Finally, polls show willingness among creators to license their work to AI companies for training. In a poll of 1,000 artists in 2023 run by DACS, 84% said they would sign up for a licensing mechanism to be paid when their work is used by AI (https://cdn.dacs.org.uk/uploads/documents/News/Artificial-Intelligence-and-Artists-Work-DACS.pdf).
There is more detail on the AI training data licensing market in this essay: https://ed.newtonrex.com/ai-licensing-market
It is important to note that a number of AI companies in fact do license all of their training data. Some of these can be seen here: https://www.fairlytrained.org/certified-models
And licensing training data isn’t the only way to get it. Licensed data can be combined with work that’s in the public domain - that is, work that copyright doesn’t protect, such as older creative works whose copyright has expired. There’s a dataset of public domain text called Common Corpus that contains 500 billion words, which is roughly the size of the entire dataset that was used to train OpenAI’s GPT-3 model (https://thealliance.ai/blog/pleias-releases-common-corpus-open-multilingual-dataset-for-llm-training).
Overall, a data mining exception would be hugely detrimental to the country’s creators and creative industries.
6. Do you support the introduction of an exception along the lines outlined in section C of the consultation?

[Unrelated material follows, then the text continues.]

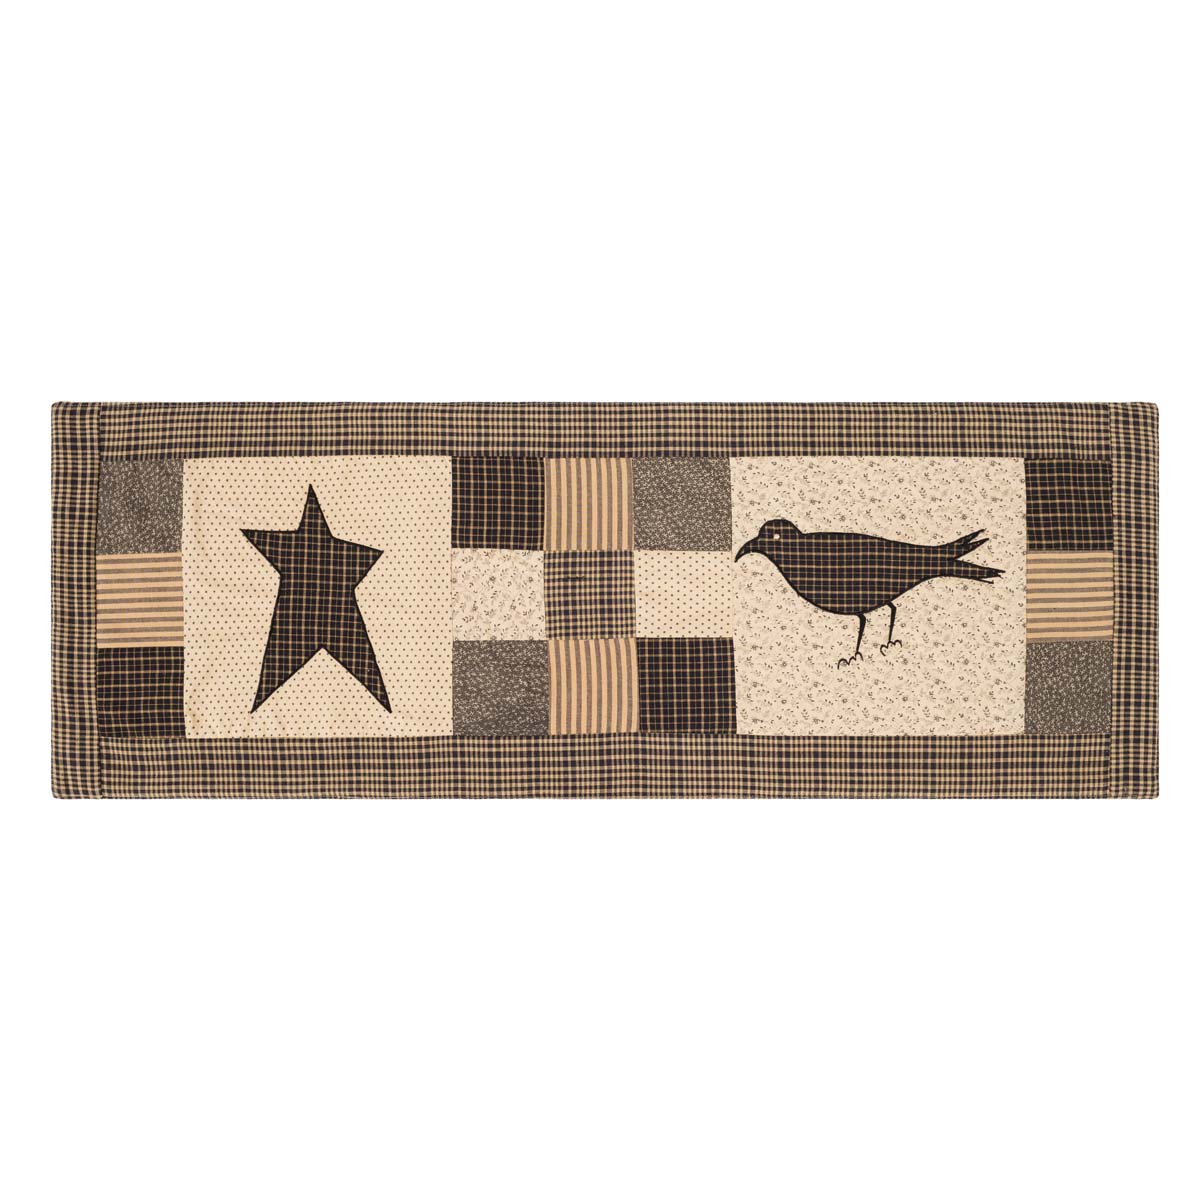 Kettle Grove Runner Crow and Star 13x36
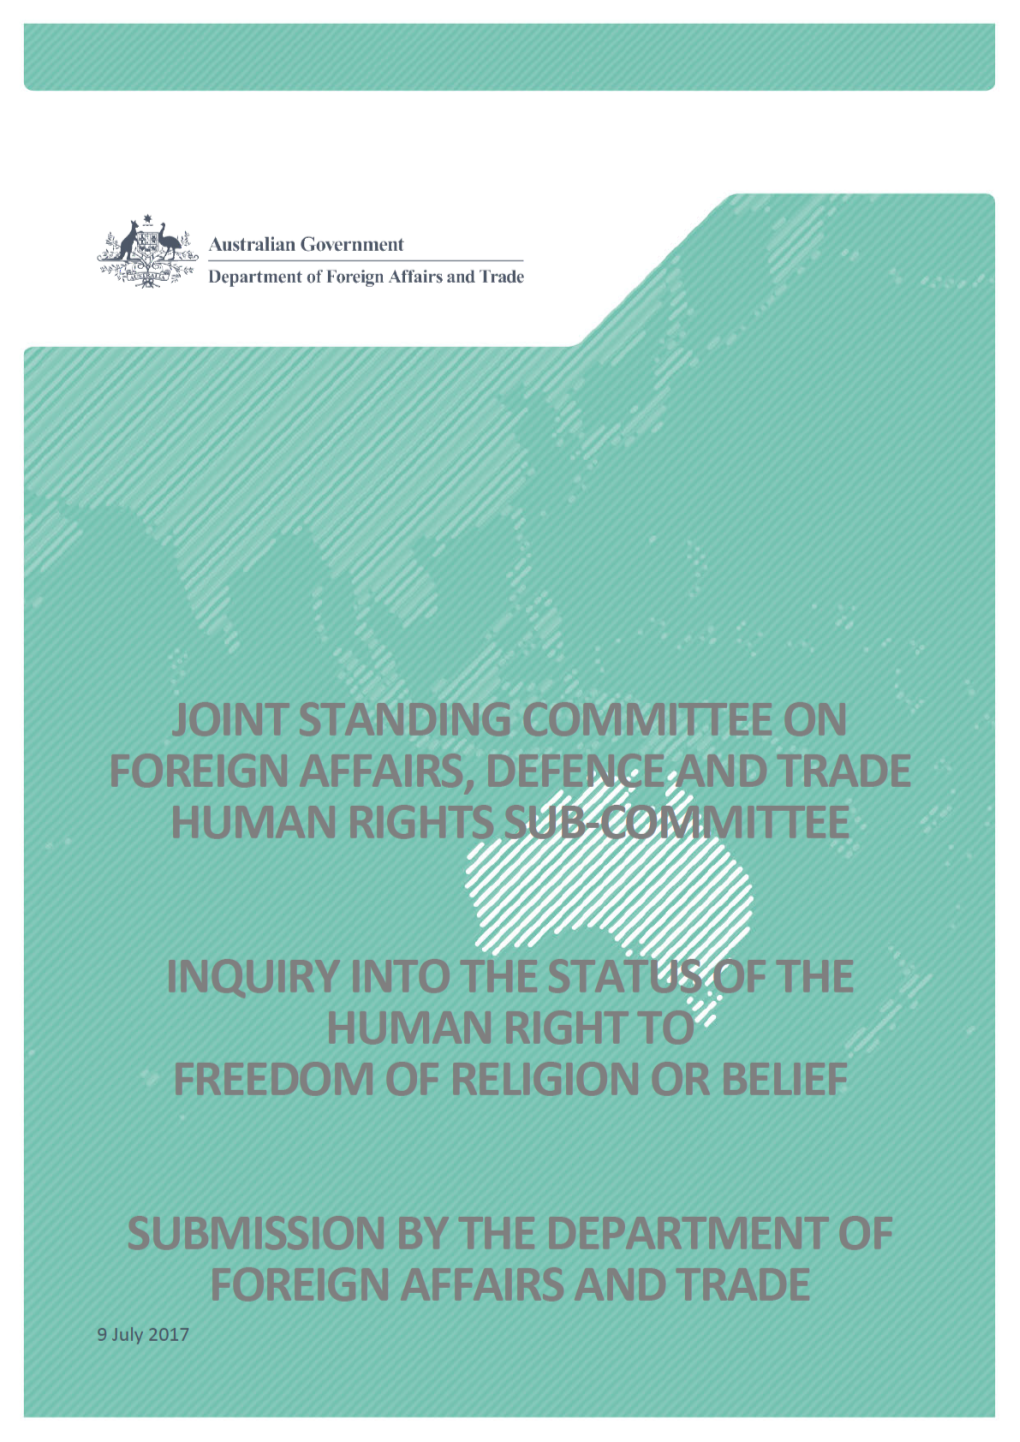 Inquiry Into the Status of the Human Right to Freedom of Religion Or Belief

Please give us further comments.
No.
More than 40,000 people, including many of the UK’s leading figures in the arts, have signed a statement I organised saying that unlicensed generative AI training is a “major, unjust threat” to people’s livelihoods (https://www.aitrainingstatement.org/). Yet the proposed exception would do precisely that: it would legalise unlicensed generative AI training. This would allow AI companies to build highly scalable competitors to the country’s creators by using their work, without asking permission, which would be incredibly damaging to the creative industries. The proposed rights reservation is unworkable and extremely unfair on creators and rights holders. The proposed changes to copyright law should be dropped if the government values our creative industries.
7. If so, what aspects do you consider to be the most important?
Please give us your views.
n/a
8. If not, what other approach do you propose and how would that achieve the intended balance of objectives?
Please give us further comments.
The best approach to achieve the intended balance of objectives is the existing approach, which is a requirement that training data be licensed. It is perfectly possible for AI companies to license the data they need: a number of AI companies already license all their training data. Rights holders are willing to license to AI companies: there have been many licensing deals between rights holders and AI companies already. Additional data can be sourced via the public domain. Licensing is of course slower and more expensive for AI companies than taking work without permission, but it’s still the right approach. It’s the only approach that is fair to both sides. Training data is a key resource required by AI companies, just like AI talent and GPUs. They spend huge amounts on AI talent and GPUs - why should they get training data for free? Particularly as generative AI competes with the work it’s trained on, and the people behind that work. This is really the key reason training data must be licensed: generative AI competes with its training data. Any exception that allows this without licensing is unacceptable.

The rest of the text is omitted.